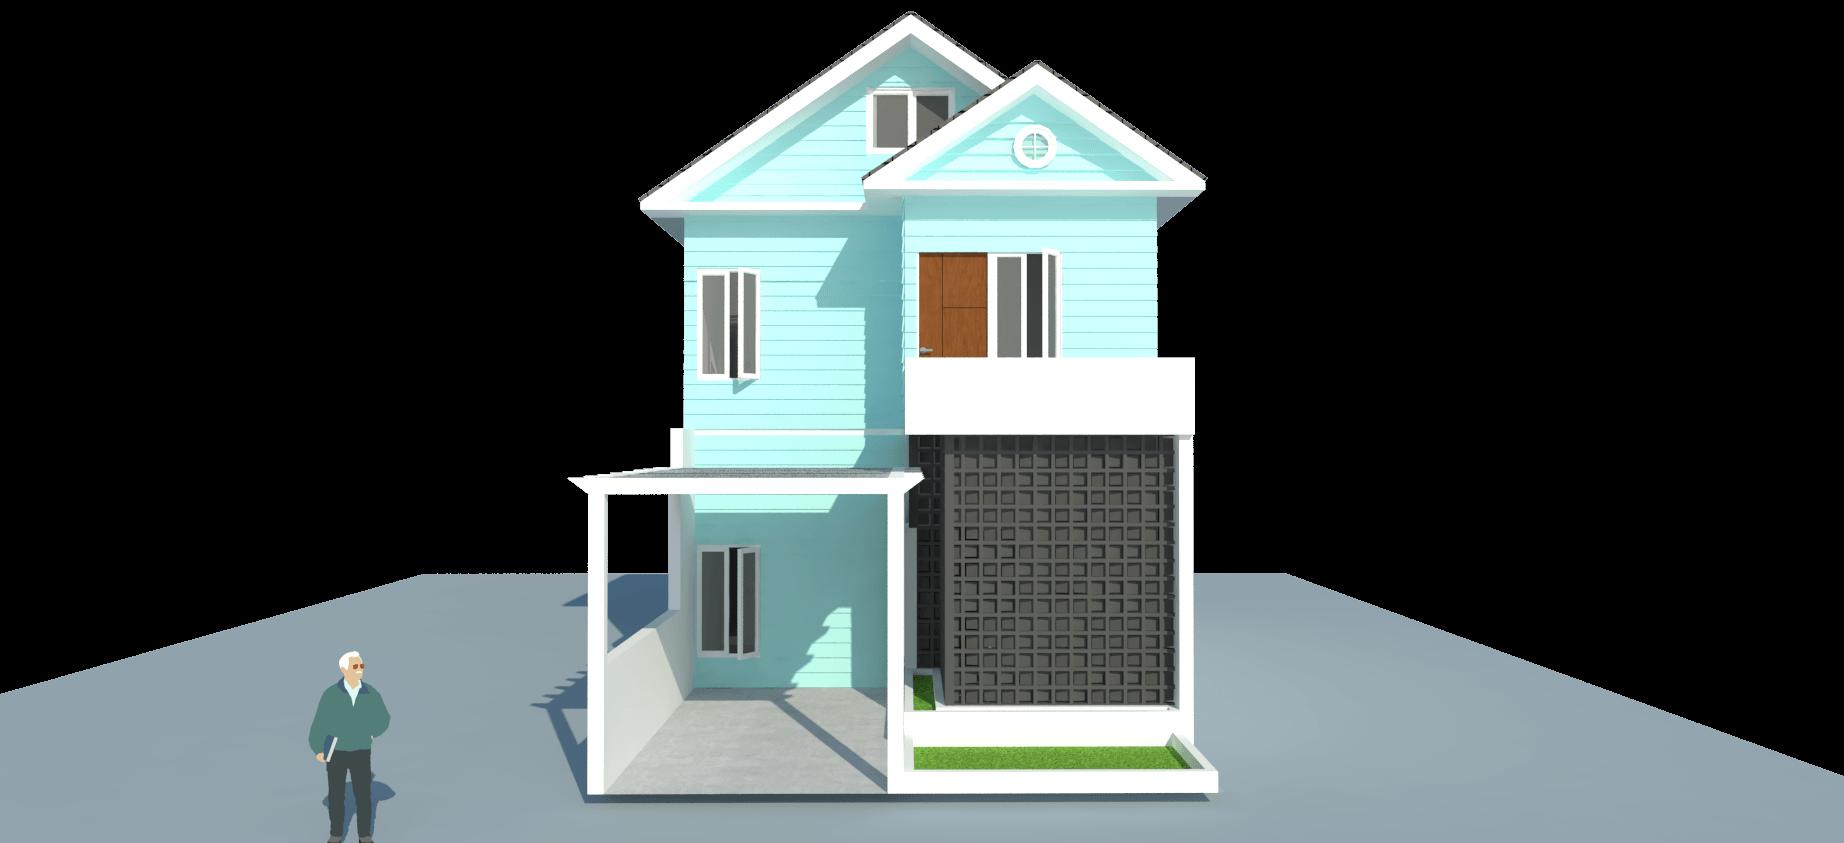 Takhta.aksata Renovasi Rumah Tinggal Komp. Metro, Cilegon Komp. Metro, Cilegon View-Depan-Rumah-Pantai   14547
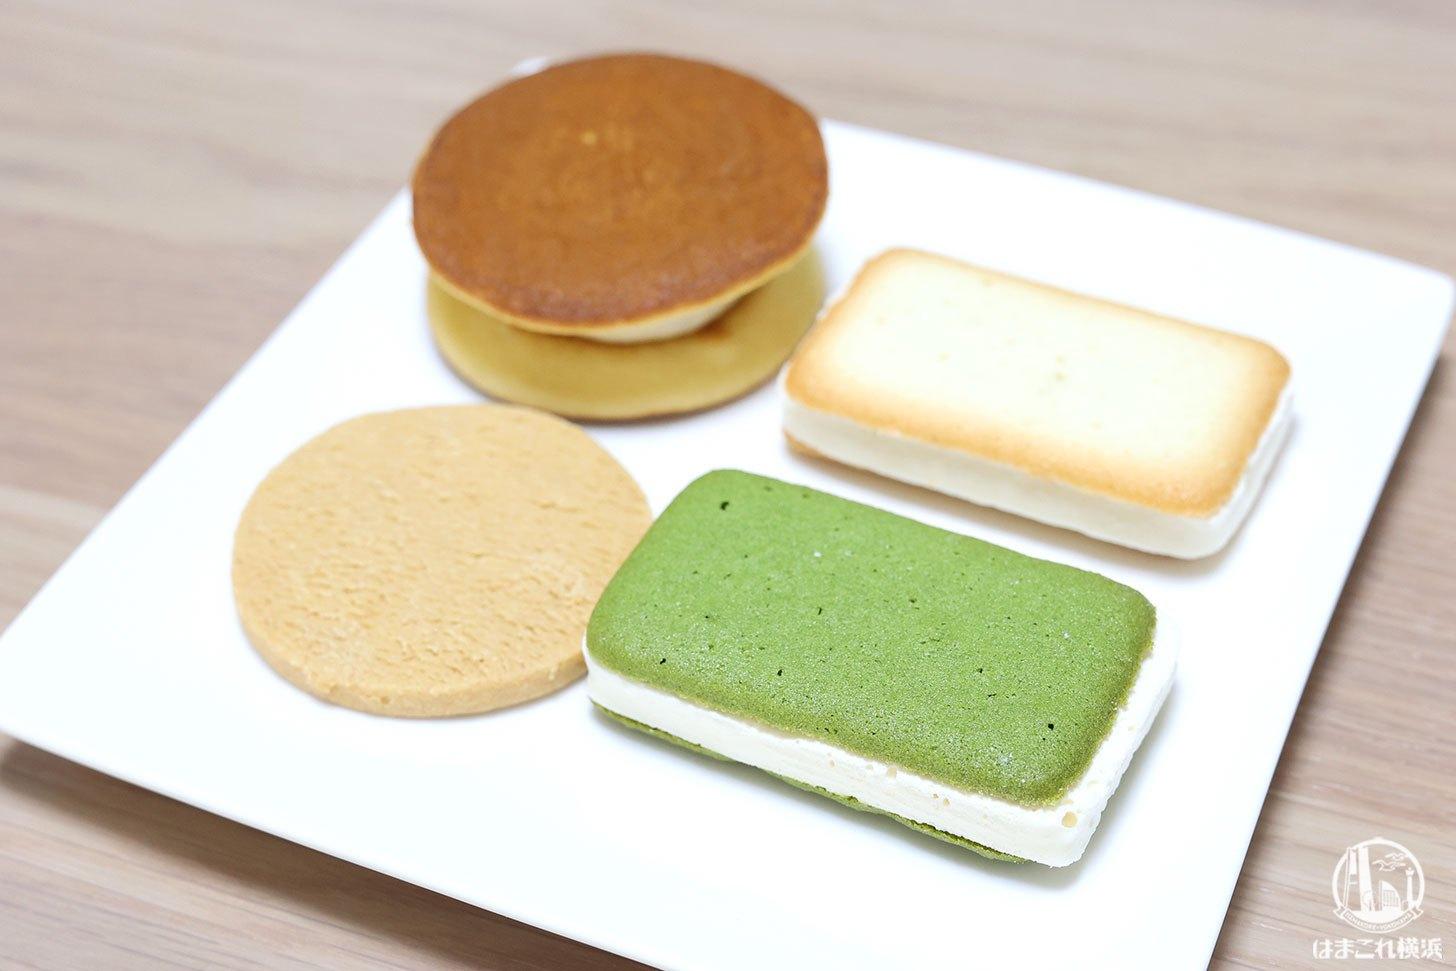 横浜高島屋「菓匠三全」HONMIDOの本実堂サンド・みたらしパンケーキ試し買い!
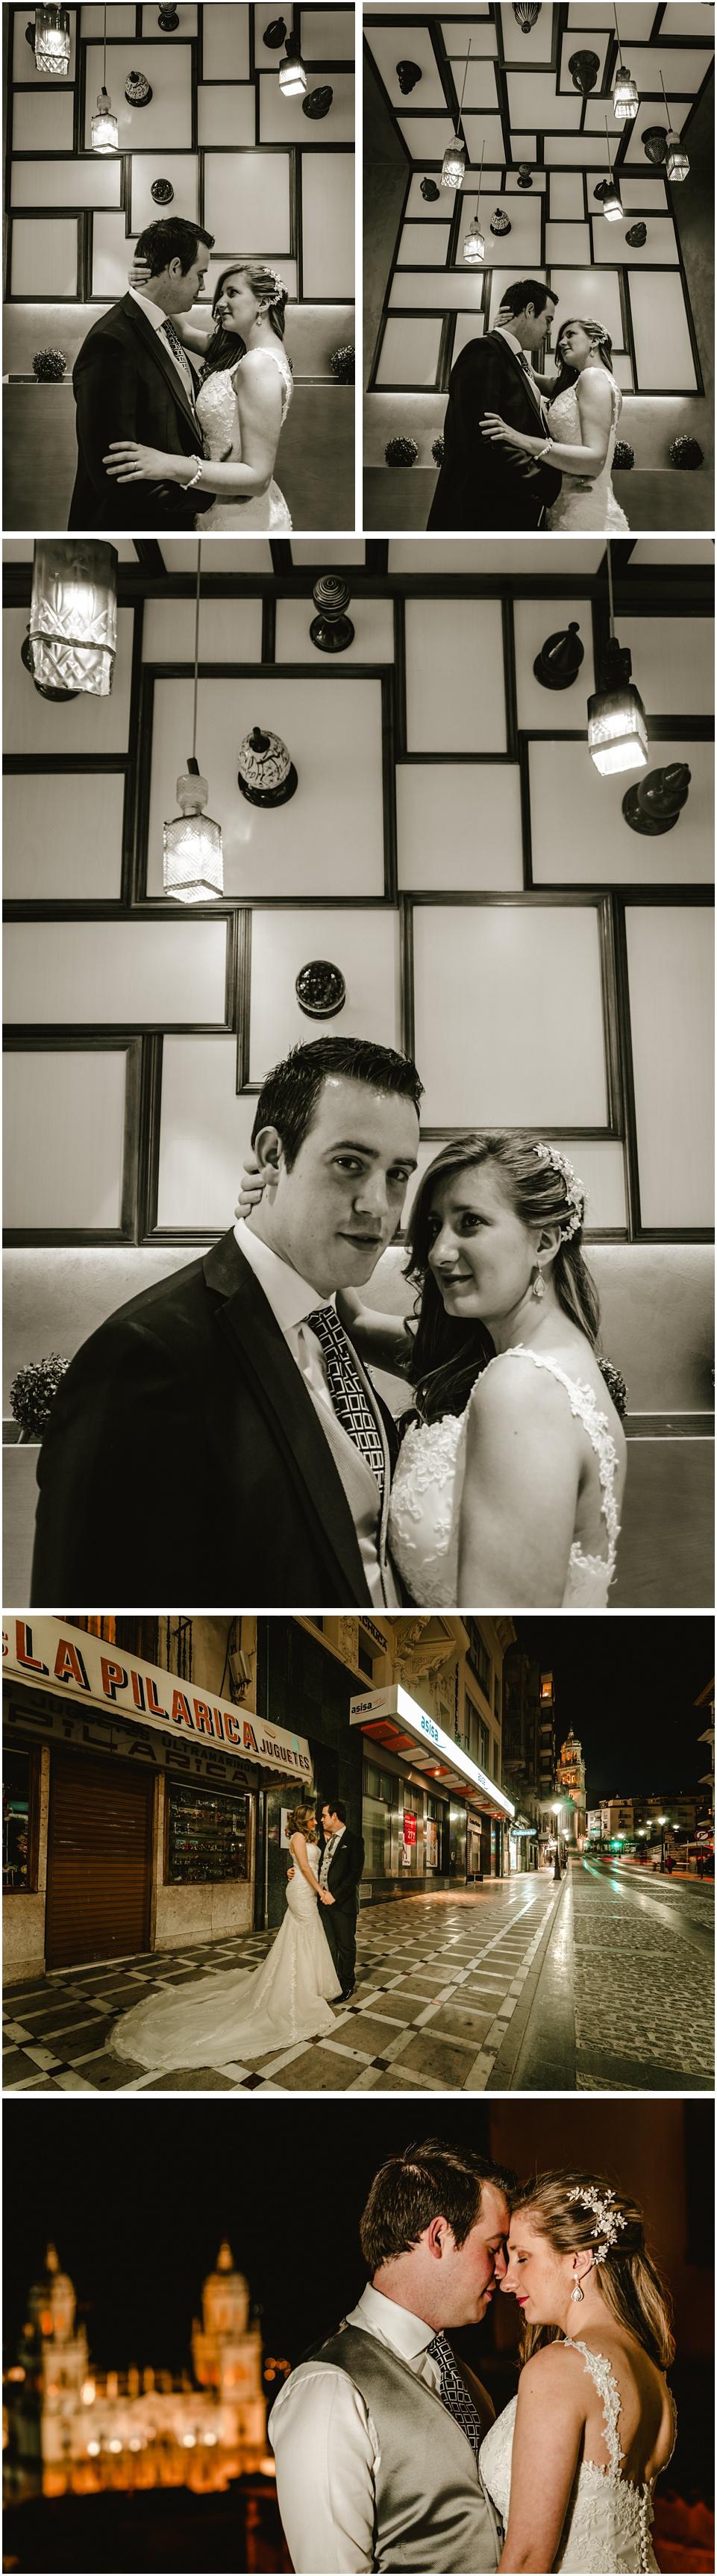 Postboda en ubeda,fotografia de boda en ubeda,fotografo de boda,fotografo de bodas ubeda,fotografos de boda en jaen,postboda en jaen,postboda originales,ubeda,
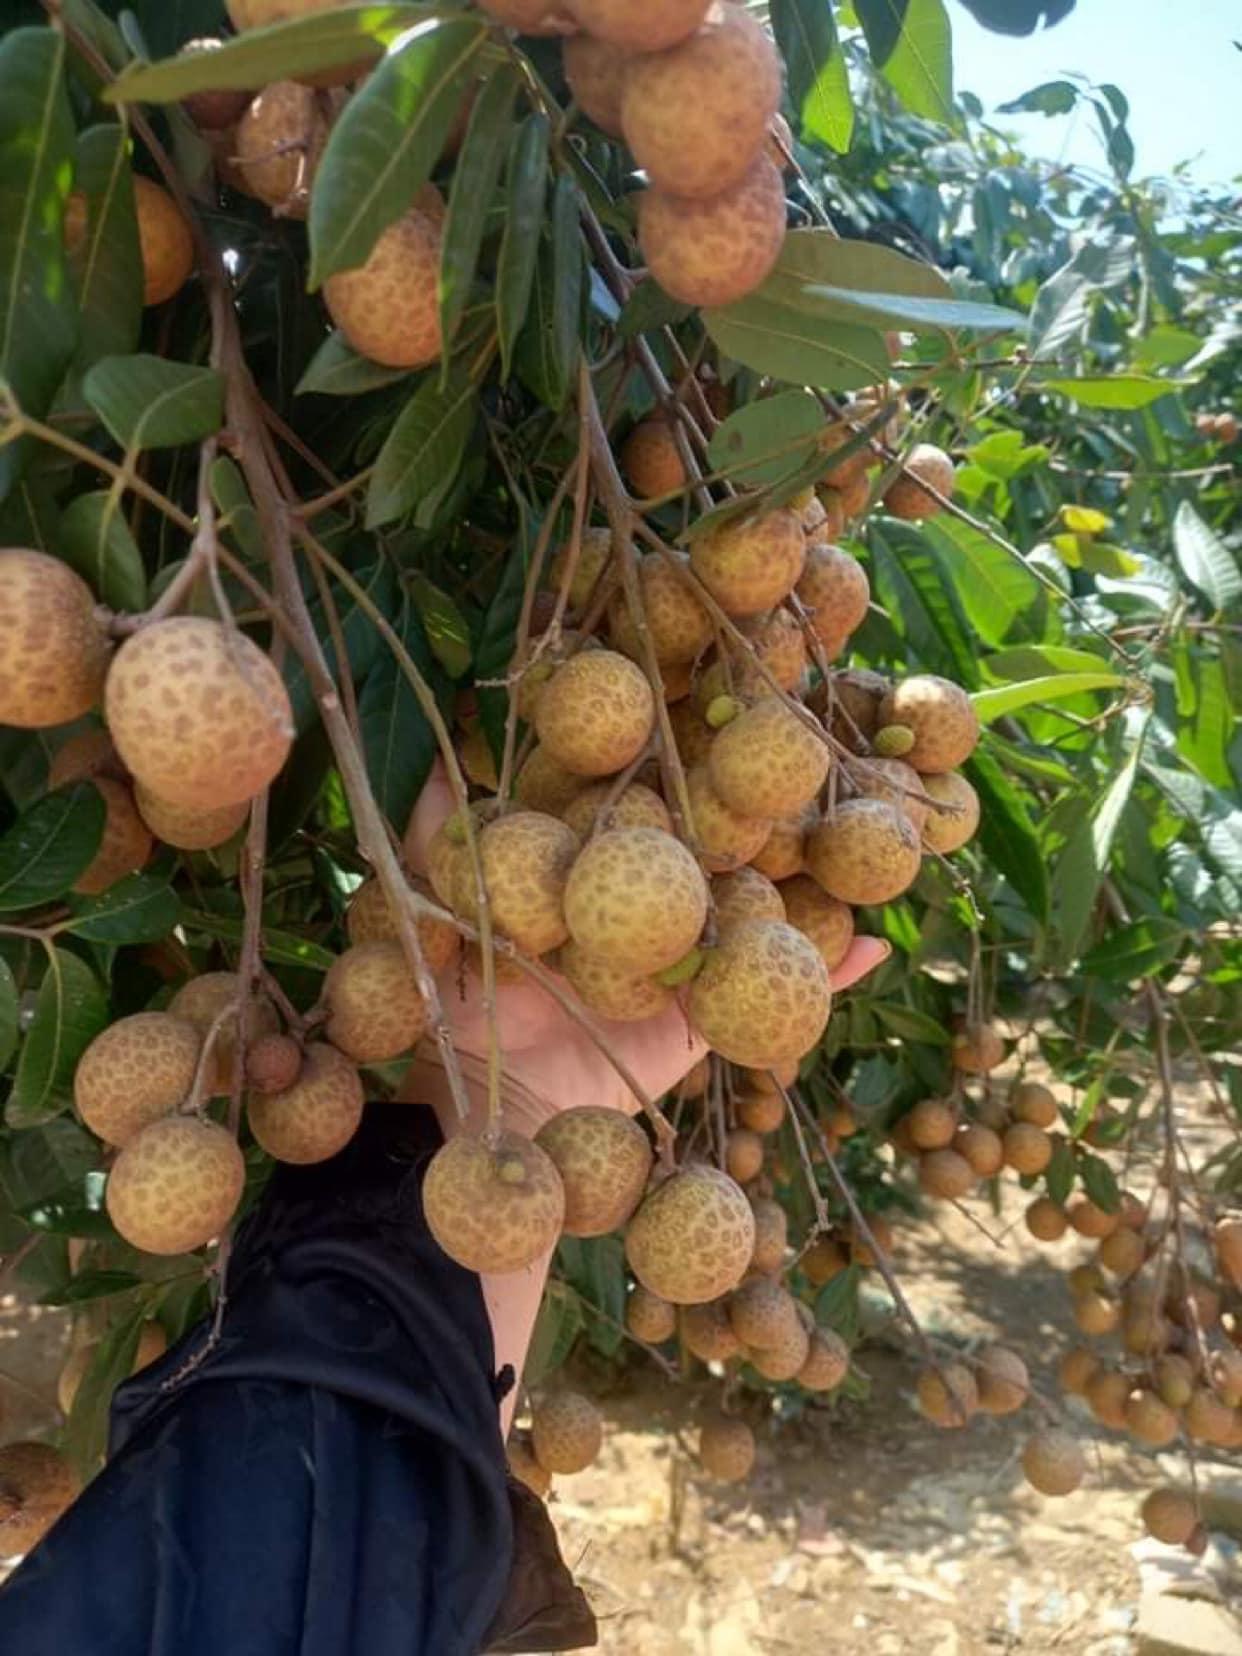 Nhãn quê chỉ 10.000 đồng/kg, chủ vườn khóc, người dân tranh thủ mua nhiều - Ảnh 8.
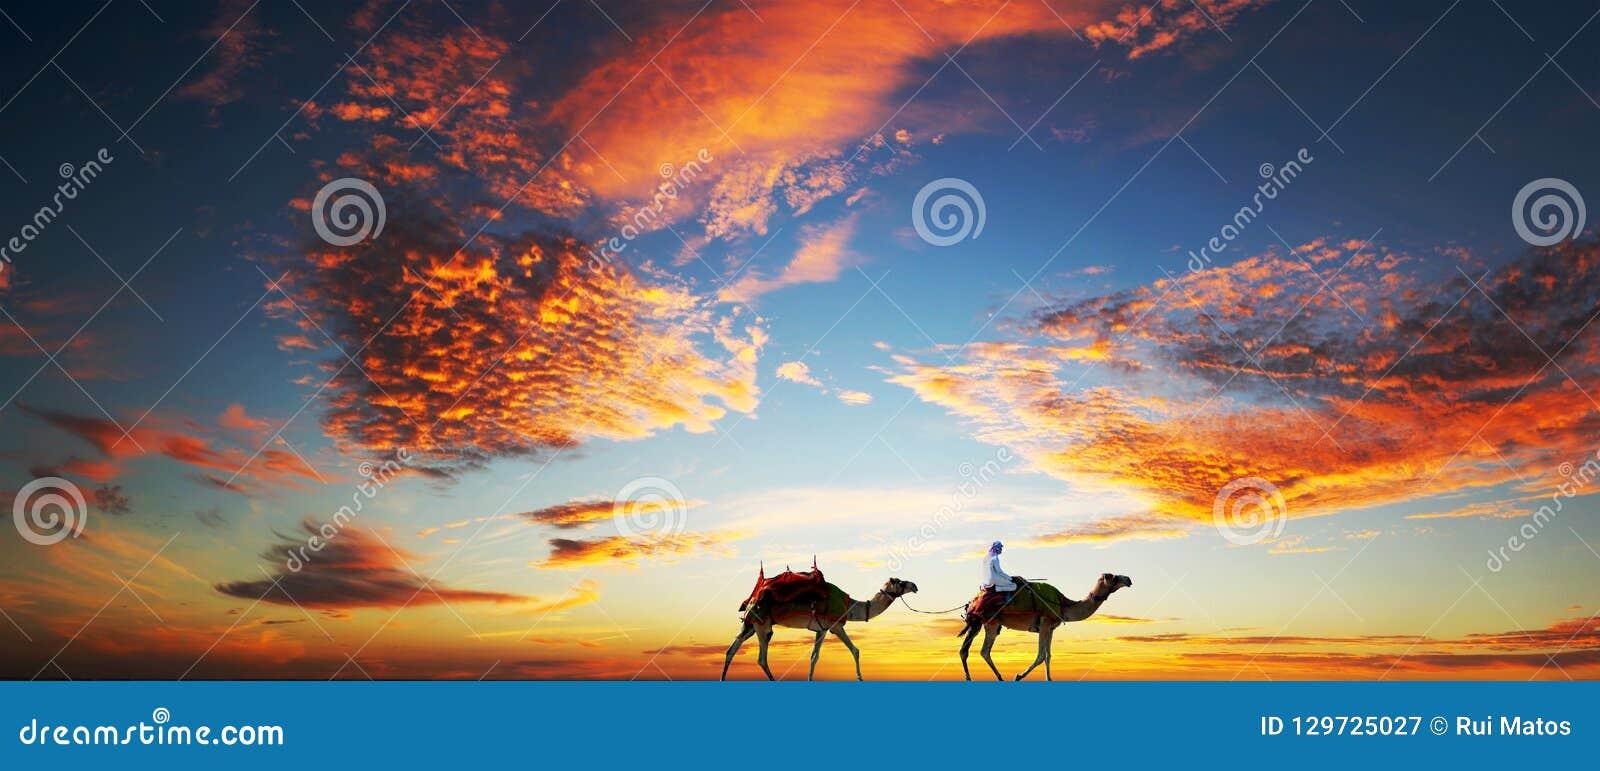 Camellos debajo de un cielo dramático

··········

## Task brief
All of the material above is to be retyped exactly, with no pictures included.

## Solution for this task
 Takhta.aksata Renovasi Rumah Tinggal Komp. Metro, Cilegon Komp. Metro, Cilegon View-Depan-Rumah-Pantai   14547
 横浜高島屋「菓匠三全」HONMIDOの本実堂サンド・みたらしパンケーキ試し買い!
 Postboda en ubeda,fotografia de boda en ubeda,fotografo de boda,fotografo de bodas ubeda,fotografos de boda en jaen,postboda en jaen,postboda originales,ubeda,
 Nhãn quê chỉ 10.000 đồng/kg, chủ vườn khóc, người dân tranh thủ mua nhiều - Ảnh 8.
 Camellos debajo de un cielo dramático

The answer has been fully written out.